- Version: 1.0
- Demo Page: View Demo
- Product Type: Single-File, Self-Modifying HTML Application
- Core Concept: An agentic DOM workspace where an LLM has full read/write/delete privileges over its own source code and visual interface.
1. Executive Summary
Project Ouroboros is a standalone .html file that acts as a boundless, draggable workspace (“Infinite Canvas”). It contains an integrated LLM loop (via OpenAI) that reads the current state of the document’s DOM as its context.

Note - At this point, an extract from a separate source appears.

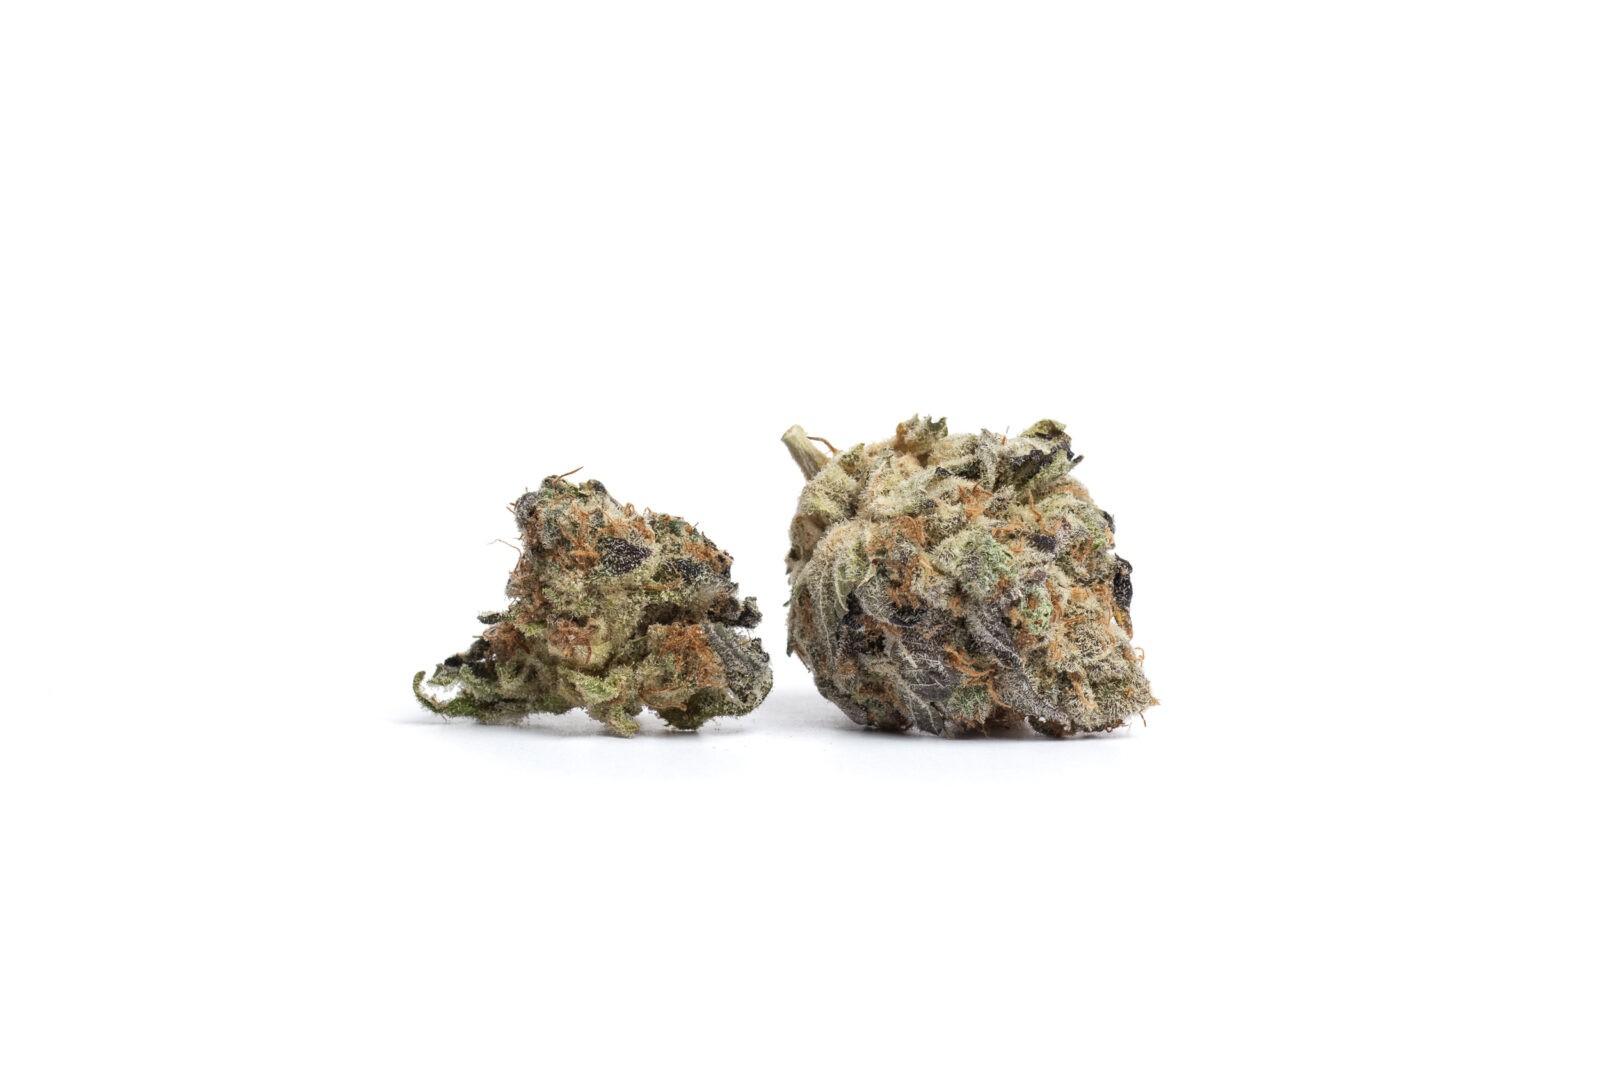 CannTrust cannabis edit seven 2018

Instead of a conversational chat interface, Ouroboros operates on a state-transition model: The LLM takes the current state of the HTML file (State A) and generates executable JavaScript to mutate it into a new state (State B). This allows the application to create new tools, optimize existing code, or restructure its own interface on the fly.
2. Core Architecture & The “Context Loop”
The fundamental engine of this application relies on a continuous feedback loop between the DOM and the LLM. Crucially, everything in the HTML file is included in the LLM context.
Read State: Upon a user query, the application captures its entire current state (the full DOM).
- KV Cache Optimization: To maximize Key-Value (KV) Cache hits on the LLM side, all static content (libraries, core scripts, base CSS) remains at the top of the file structure. We do not strip out static CDN links; they are part of the context.
Construct Payload: The app combines the user’s prompt with the current DOM snapshot.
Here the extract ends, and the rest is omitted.